Weekly Case Summaries: August 10, 2012

5th Circuit Court of Appeals

U.S. v. Davis

No. 11-040256    8/1/12

Issue

In a federal criminal case, if a defendant fails to renew his motion for acquittal after he presents his case, is he entitled to the usual review of the sufficiency of the evidence?

Holding

No. Where a defendant moves for a judgment of acquittal at the end of the government’s case and, after presenting evidence, fails to renew that motion, he forfeits his insufficiency challenge and review is for a manifest miscarriage of justice. “A manifest miscarriage of justice exists only if the record is devoid of evidence pointing to guilt, or because the evidence on a key element of the offense is so tenuous that a conviction would be shocking.” Presenting evidence includes cross-examination that elicits favorable testimony. Read opinion

Commentary

Do not get too excited. This holding would not transfer over to state cases. The Court of Criminal Appeals has repeatedly held that a defendant does not need to preserve error to raise a challenge to the sufficiency of the evidence in criminal cases. Texas state criminal courts also do not recognize “manifest miscarriage of justice” or “plain error” that you might see in decisions from other jurisdictions. This case can be important to Texas prosecutors because it involves violation of three statutes in Chapter 47 of the Penal Code—gambling. The whole sufficiency challenge centered around the existence of consideration at an “Internet café,” that was not really an Internet café, but was in fact a front for the lottery or gambling operation. A very useful opinion if have one of these types of cases.
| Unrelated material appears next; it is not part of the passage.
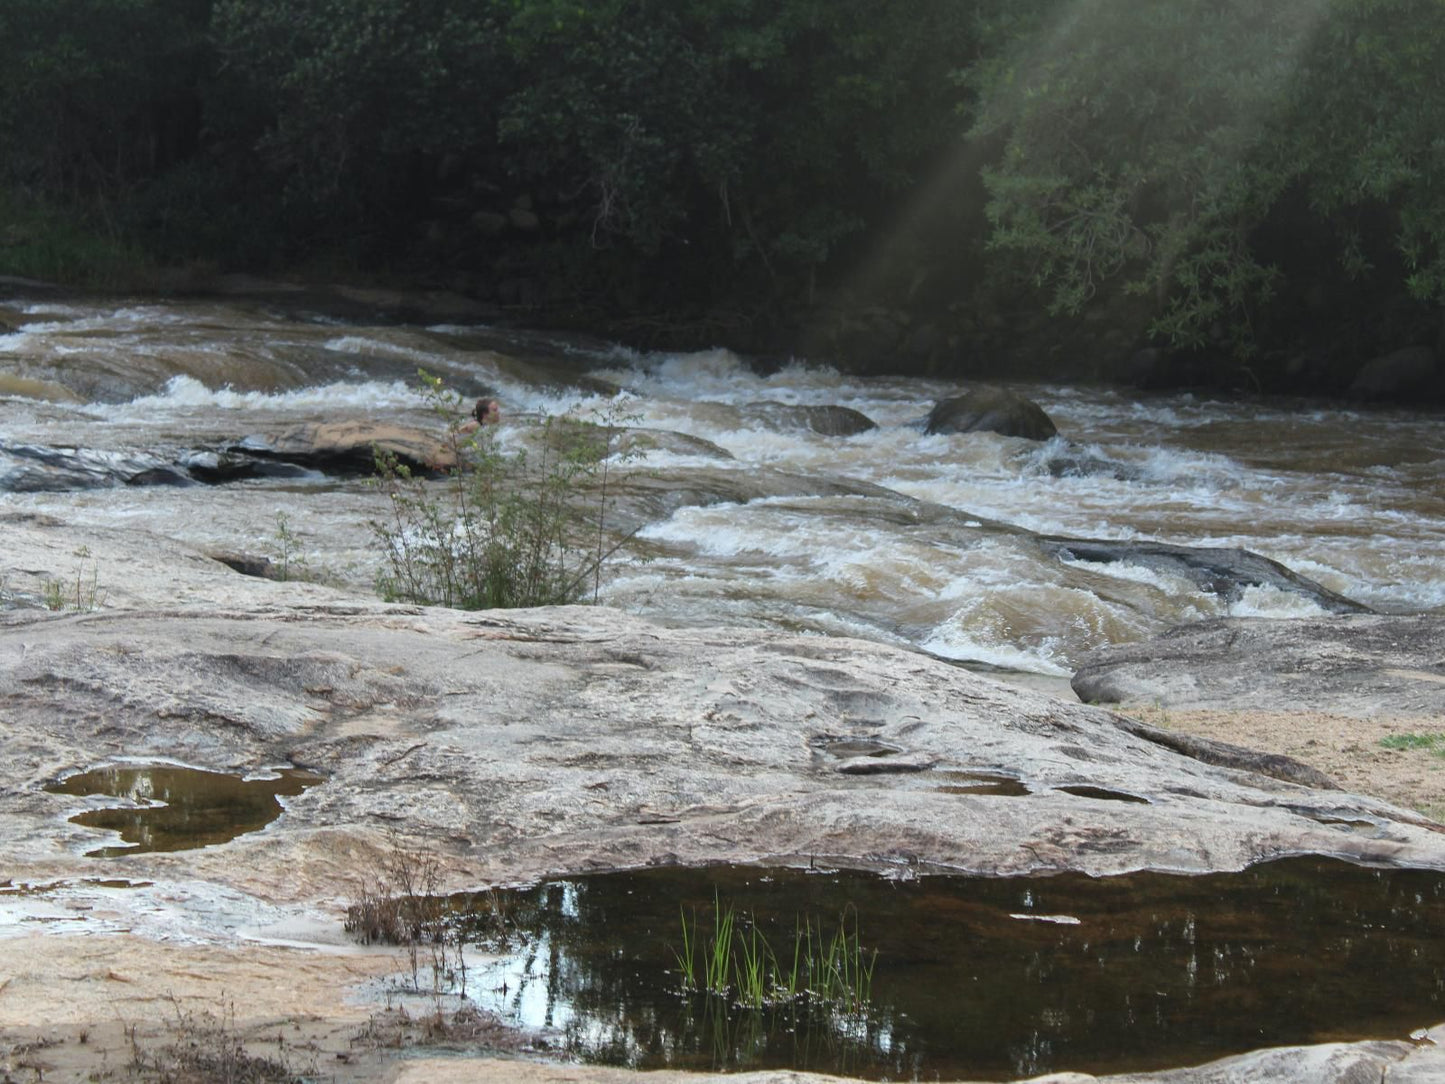 Lions Rock Rapids Hazyview Mpumalanga South Africa Unsaturated, River, Nature, Waters, Tree, Plant, Wood, Waterfall

Texas Court of Criminal Appeals

Wilson v. State

No. AP-76,835     8/7/12

Issue

Was the defendant entitled to CCP Chapter 64 post-conviction DNA testing for a hair found on the victim’s body that did not belong to the victim, defendant or co-defendant?

Holding

No. The court reaffirms its holding in Bell v. State, 90 S.W.3d 301 (Tex. Crim. App. 2002) that the presence of another person’s DNA at a crime scene, by itself, does not constitute affirmative evidence of a defendant’s innocence. Read opinion

Commentary

As noted, this holding is line with the court’s prior DNA testing decisions. On its face, the defendant’s claim might have appeared to have merit. But the court did not take kindly to the fact that the defendant decided to raise the claim a mere week before his scheduled execution. If it walks like a duck, and quacks like a duck, it is probably a delaying tactic.